Агеев вздрогнул, прислушался. Артур и Шурка помчались вниз, и он различил едва слышный грохот тяжелых машин на дороге за кладбищем. Грохот этот все нарастал, заполняя собой окраинное пространство поселка, послышался лязг гусениц, и вот они выползли из-за угла кладбищенской ограды – два неуклюжих коптящих трактора с приподнятыми над дорогой широкими ножами бульдозеров. Напротив въезда в карьер оба остановились, не глуша двигателей, из кабины переднего вывалились на дорогу два человека, прошли к карьеру. Немного погодя к ним присоединился и бульдозерист из второй машины. Скорым шагом они вместе обошли карьер, осмотрели окрестности, постояли недолго на самой верхушке возле обрыва. О чем они там разговаривали, Агееву не было слышно из-за рокота двигателей на дороге, где уже вертелись Шурка и Артур.

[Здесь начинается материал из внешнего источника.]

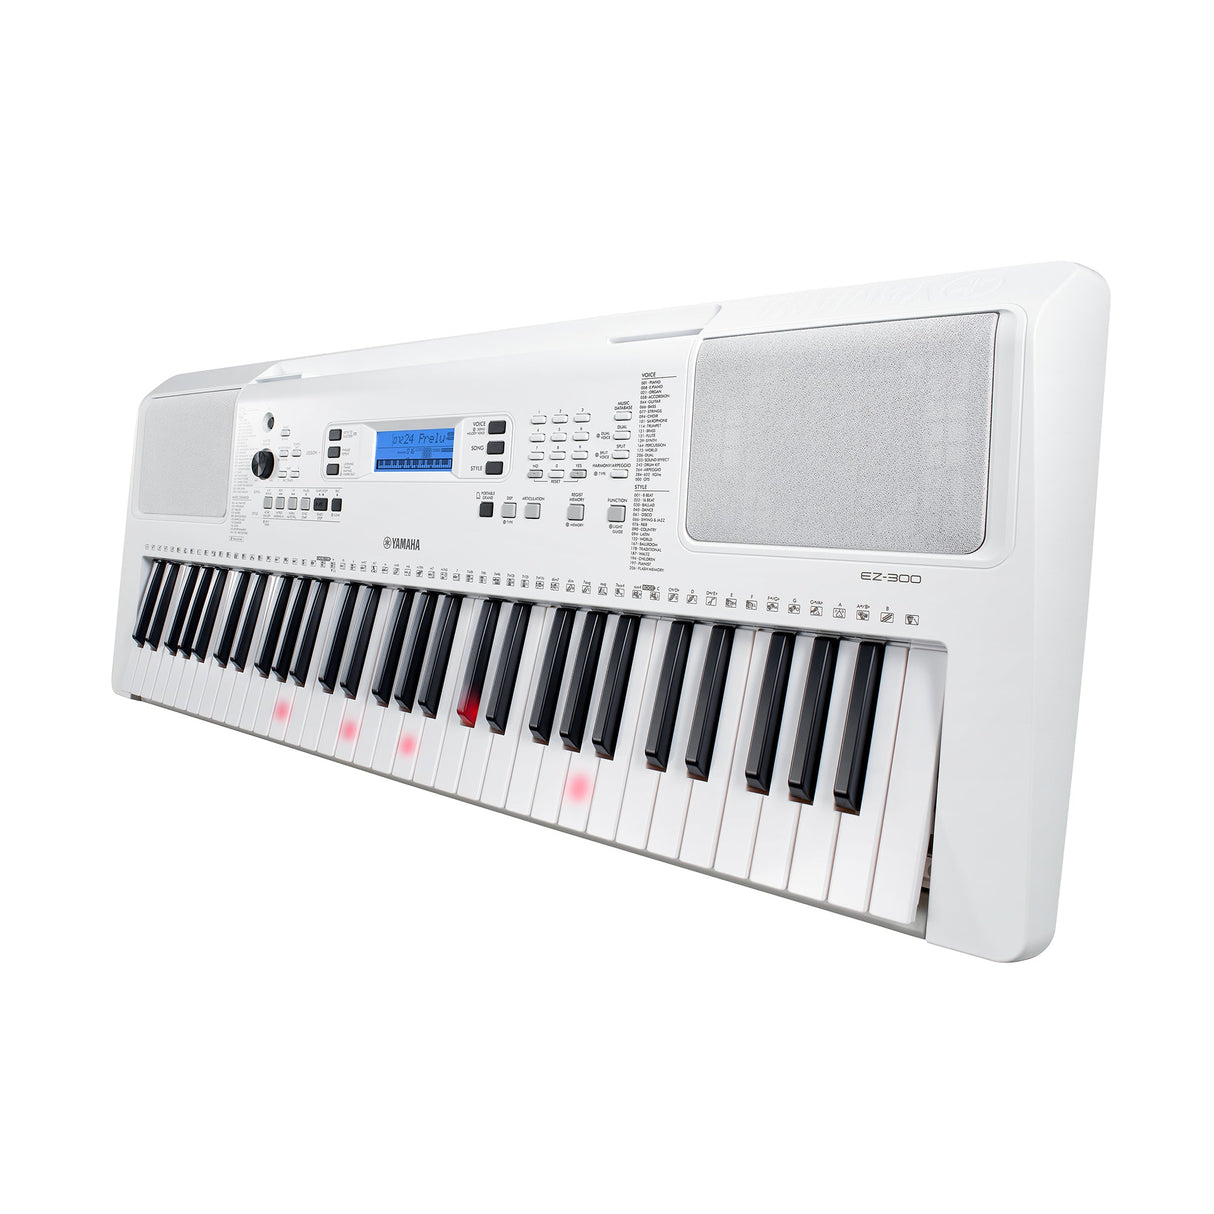 yamaha beginner keyboard ez300 white

Агеев словно в прострации сидел возле палатки, и, только когда бульдозеристы заняли свои места в кабинах и мощно взревели двигатели, он поднялся. Стараясь не дать себе размышлять или колебаться, словно отрезая все пути к отступлению, быстро повыдергивал дюралевые колышки оттяжек, палатка сморщилась и опала на землю, и он начал лихорадочно собирать вещи, извлекая их из прорехи палатки, второпях запихивая все в рюкзак. Хорошо, что вещей было немного, главное место занимала палатка, которую он впопыхах беспорядочно скомкал и, приминая коленом, тоже запихал в рюкзак. На его насиженном за лето месте больше ничего не оставалось, кроме слегка дымившего костерка да пластмассового ведерка на примятом, с белыми травяными побегами квадрате под днищем палатки. Скудный мусор он предусмотрительно сжег поутру, место, в общем, оставалось в порядке. Закинув за плечо тяжеловатый рюкзак, он пошел по косогору вниз. Перед тем как свернуть за кладбище, не удержавшись, оглянулся. Ревя двигателем, первый бульдозер уже толкал к краю обрыва огромную земляную кучу, за ним, несколько поотстав, вгрызался в землю второй бульдозер. Вот-вот с обрыва в карьер должна была обрушиться гора рыхлого грунта, и Агеев, почти физически ощущая шум и тяжесть его падения, прибавил шагу.
Громоздкий рюкзак, однако, больно отдавил плечо, пока он добрел до автостанции, располагавшейся в кирпичном павильончике возле центральной площади. Там перед фанерным стендом с расписанием облегченно свалил на асфальт свою ношу, минуту изучал сроки прибытия автобусов, хотя уже с самого начала было ясно, что опоздал. Автобус на Менск отправился в шесть утра, следующий должен прийти через сутки. Правда, был еще один, проходящий, прибывающий вечером, но билеты на него продавали после прибытия. Агеев устало присел на рюкзак, отдыхая, соображал, как быть, и ничего другого не придумал, как искать приюта в гостинице.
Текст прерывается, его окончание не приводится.